The so called Great Recession, as the economic downturn that started in 2008 is now called, has certainly taken its toll on employment numbers. In 2007 recent MBA graduates were doing very well, indeed, at least those lucky enough to get their MBAs from the top ranked 30 or so business schools in the USA. A survey of the placement departments of these top-ranked B schools is reporting that although the percentage of recent MBA graduates who have received job offers within three months of graduation is down from the heady 2007 standards, the average starting salary of $90,000 or more is up from prior years, and higher than even 2007 starting salary levels.
Just like star college athletes, top-ranked MBA school graduates were getting used to receiving five figure signing bonuses from the hordes of corporate recruiters who were competing for their services. The signing bonuses are still there today but they are now being offered only to those few grads that recruiters rate at the top of the heap.

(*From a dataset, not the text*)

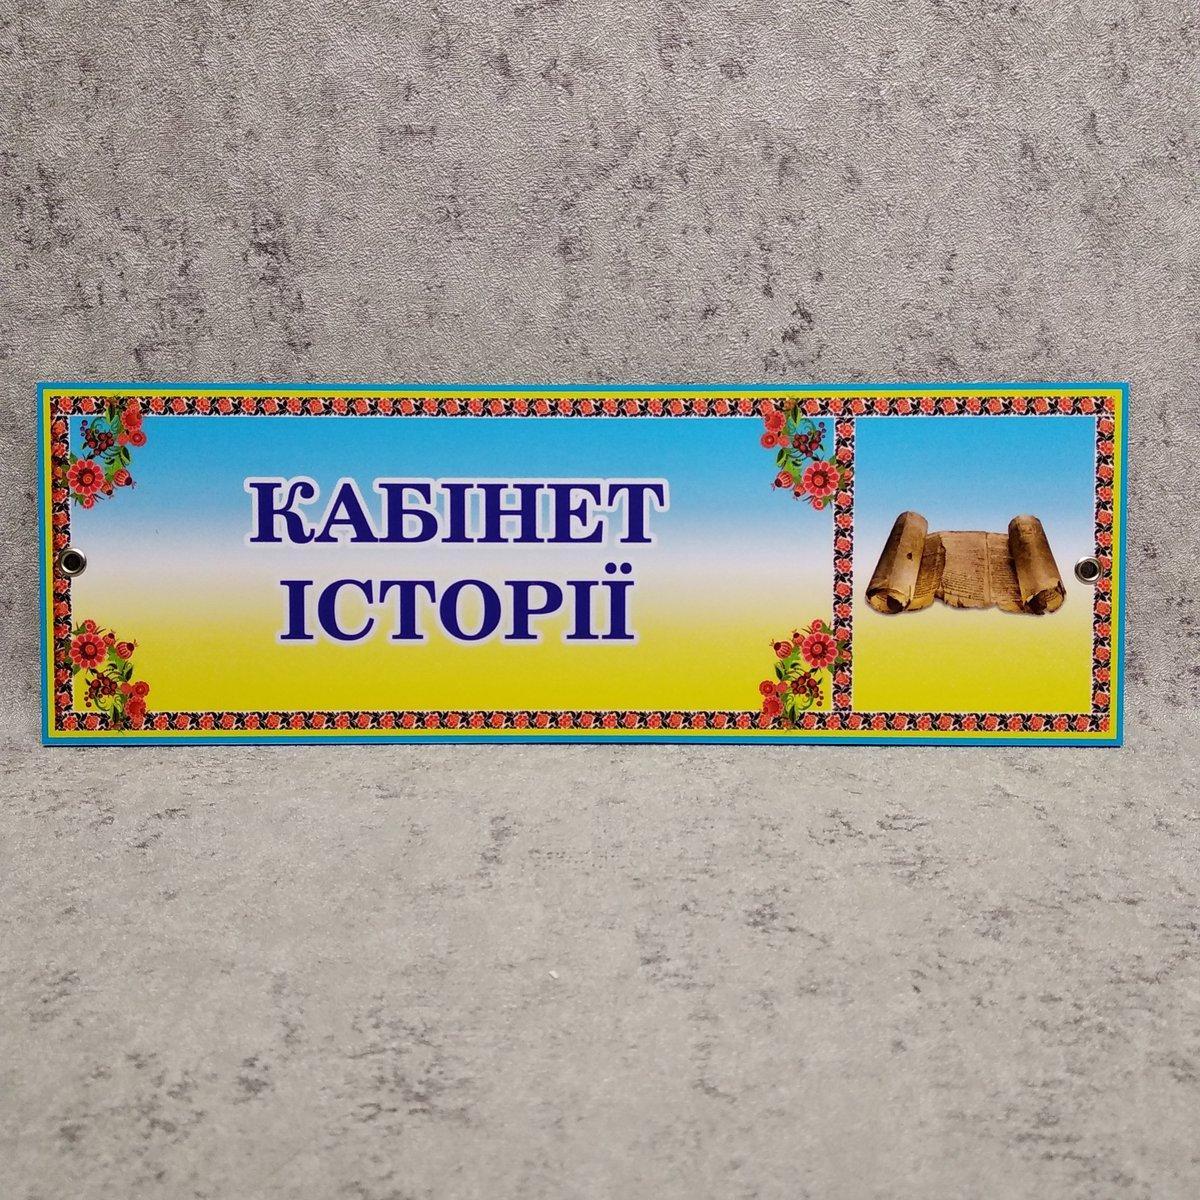 Табличка Кабинет истории (Логотип)

Overall, douglas e learning about 1 in 5 or 6 recent MBA grads was still looking for a full time gig more than three months after graduation. Lest we get too concerned, online mba hong kong consider that several in that number are reported to have turned down job offers because those offers were for less money than these grads were expecting, or because the position or the company was not perceived as the best possible opportunity for long term career growth.
Many newspaper and other media commentators are starting to use the phrase the “new normal” more often than not. If true, the new normal is bad news for the millions of Americans who will remain out of work for many more months or maybe even years, anonymously mired somewhere in that dreaded 9% national unemployment rate.
How are these recent MBA grads doing?
Every big storyline has its sideboards and one of the most interesting sideboards of the times is the fate of the several hundreds of individuals who, in the midst of this Great Recession, have either spent tens of thousands of dollars, or taken on student loans aggregating around the six figure mark, to eschew taking their chances in the workforce for two or more years of graduate school education to get a Masters of Business Administration (MBA) degree.